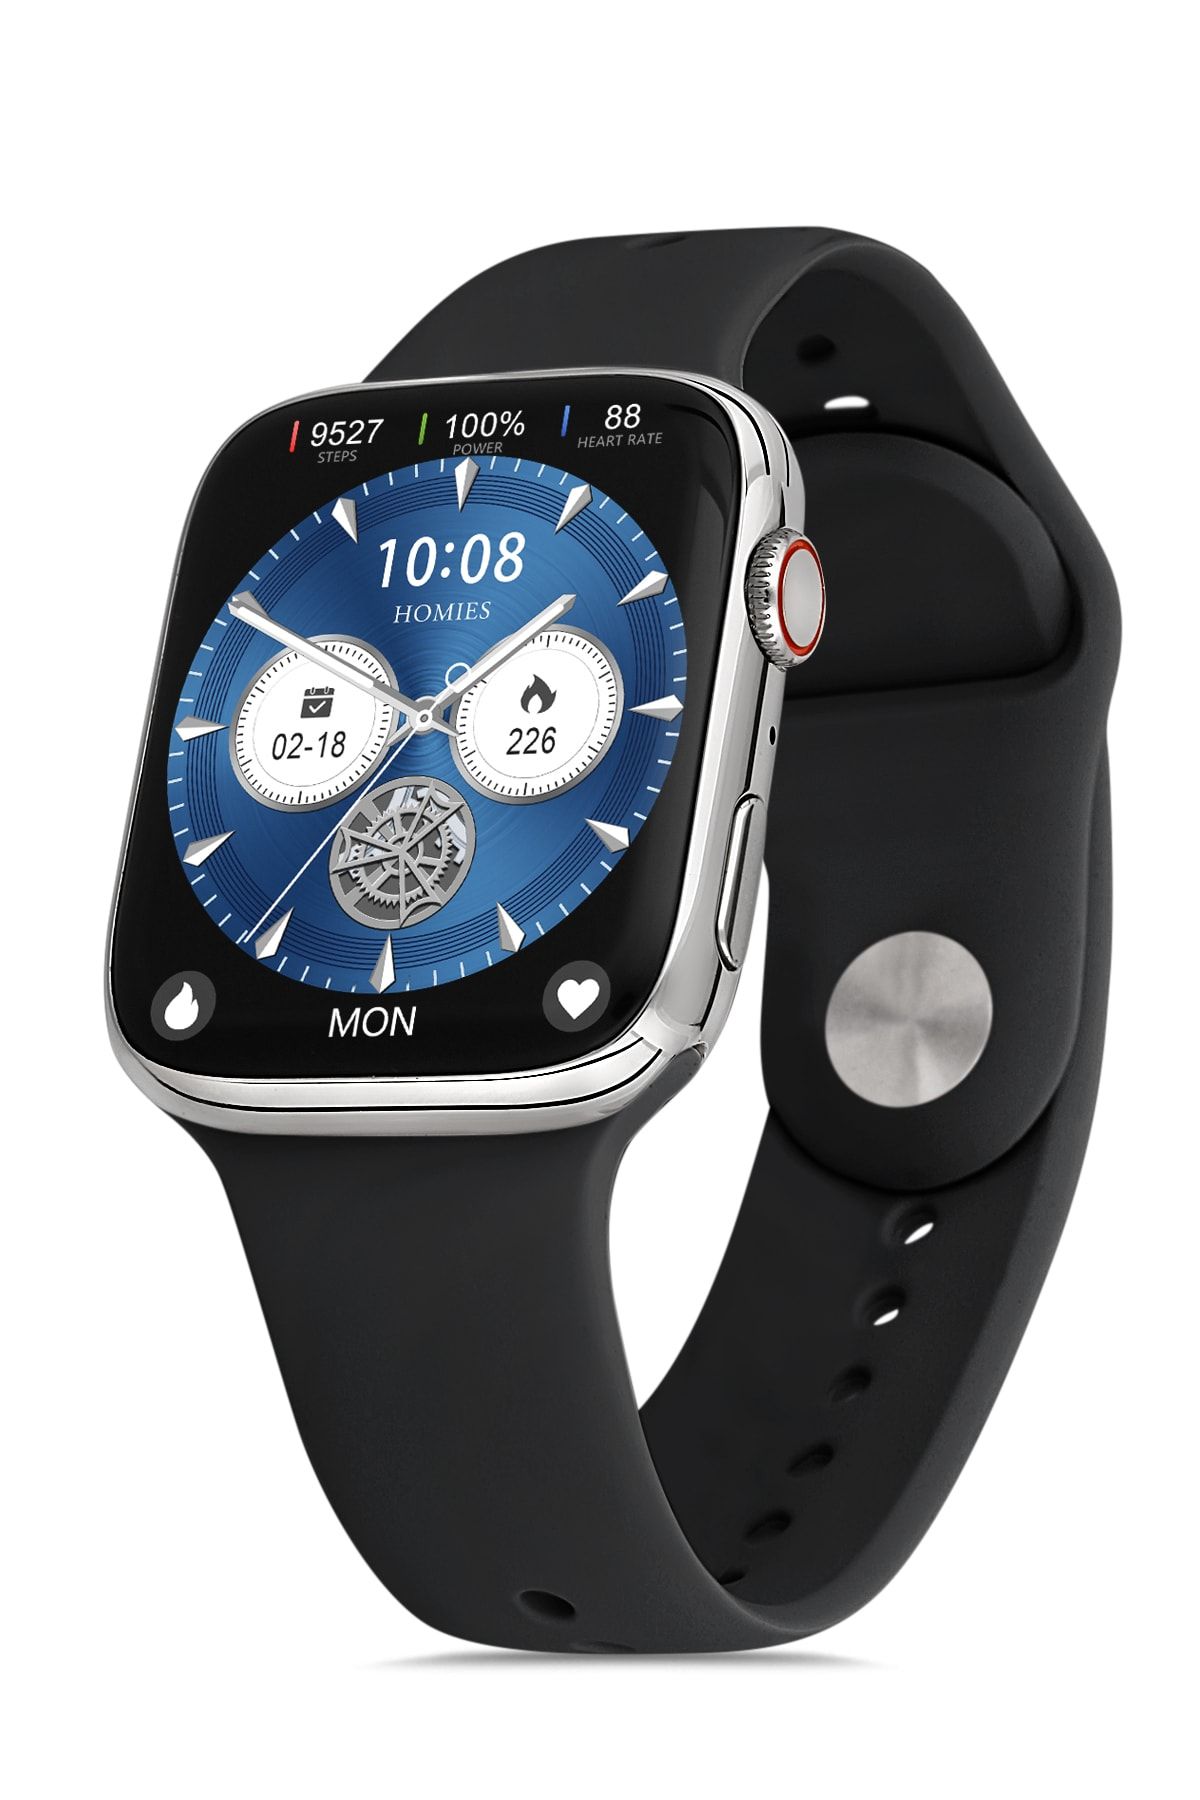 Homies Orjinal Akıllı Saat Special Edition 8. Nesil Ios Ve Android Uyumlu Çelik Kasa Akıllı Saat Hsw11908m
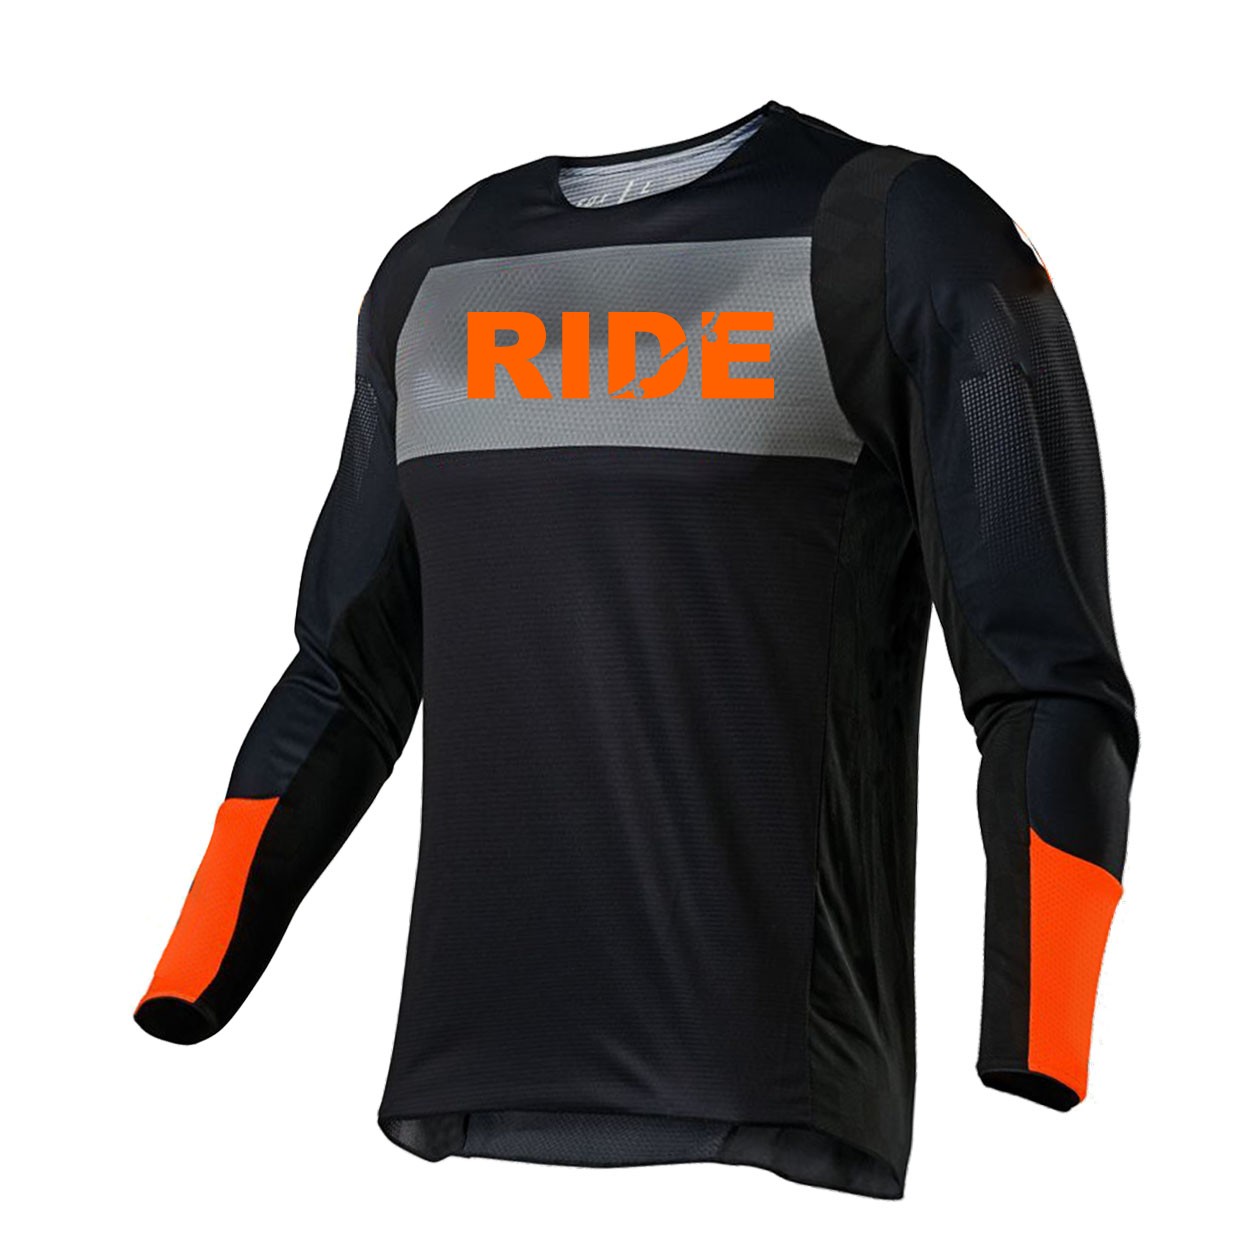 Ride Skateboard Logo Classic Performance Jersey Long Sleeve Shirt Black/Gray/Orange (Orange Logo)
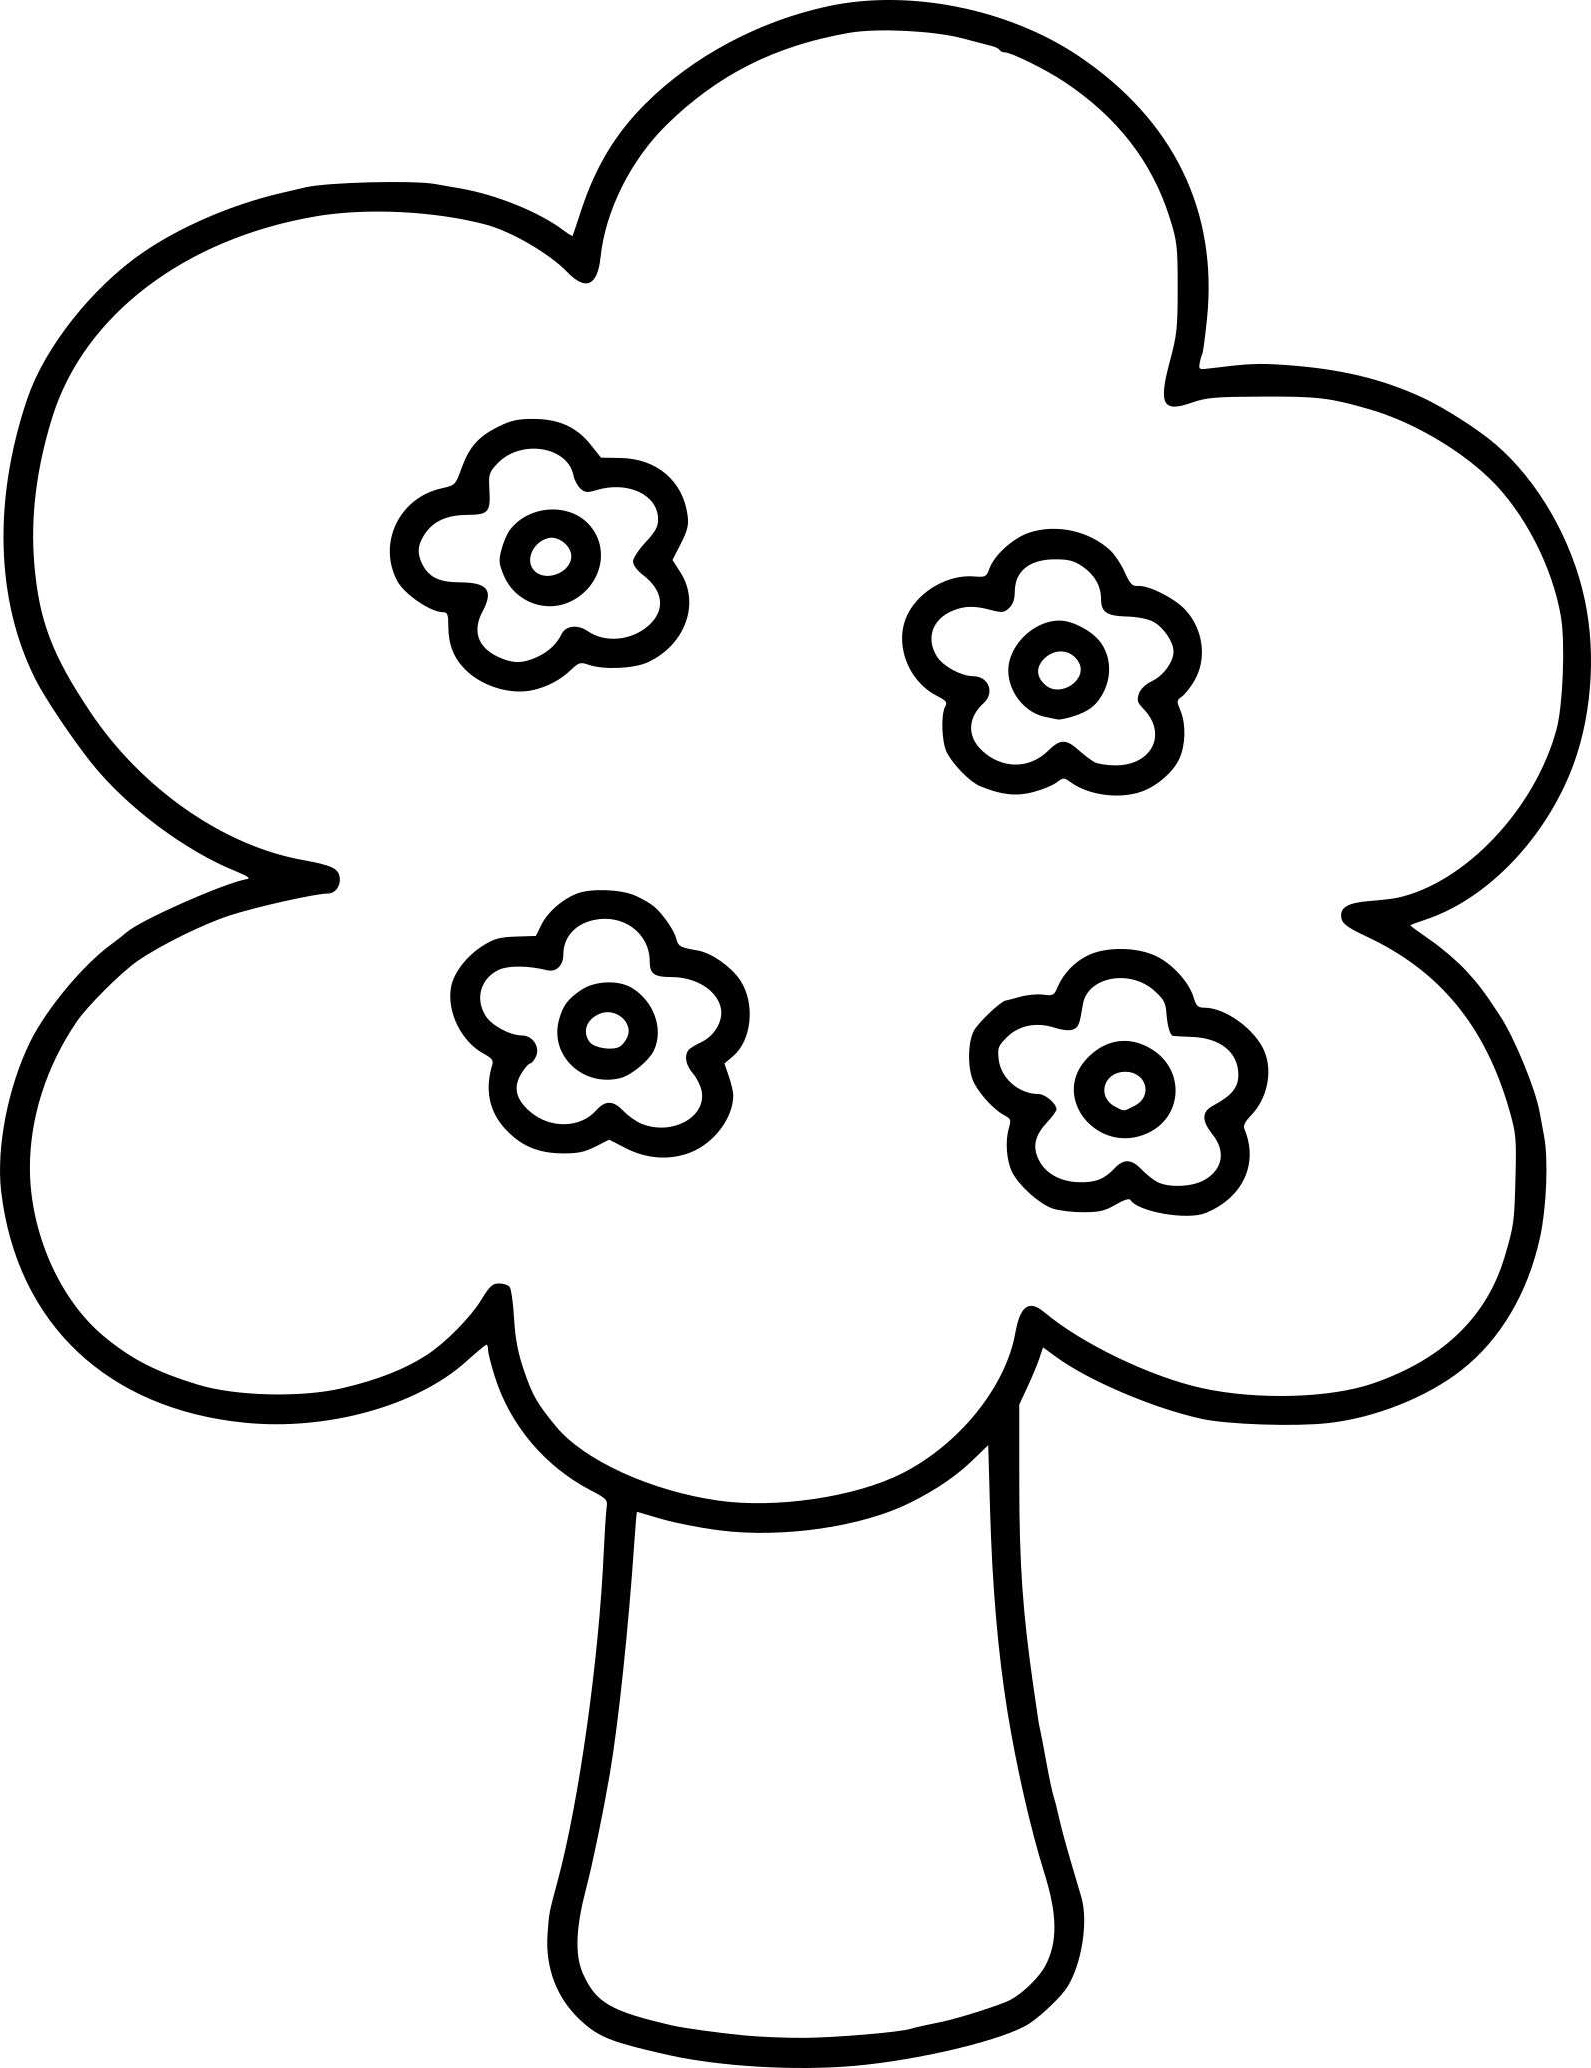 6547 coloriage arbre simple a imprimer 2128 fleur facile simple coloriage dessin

§

| ASSIGNMENT |
Everything from the line with "Ride Skateboard Logo" through the final line of the material is to be returned exactly, both ends included, apart from the pictures.

| TASK SOLUTION |
 Ride Skateboard Logo Classic Performance Jersey Long Sleeve Shirt Black/Gray/Orange (Orange Logo)
 6547 coloriage arbre simple a imprimer 2128 fleur facile simple coloriage dessin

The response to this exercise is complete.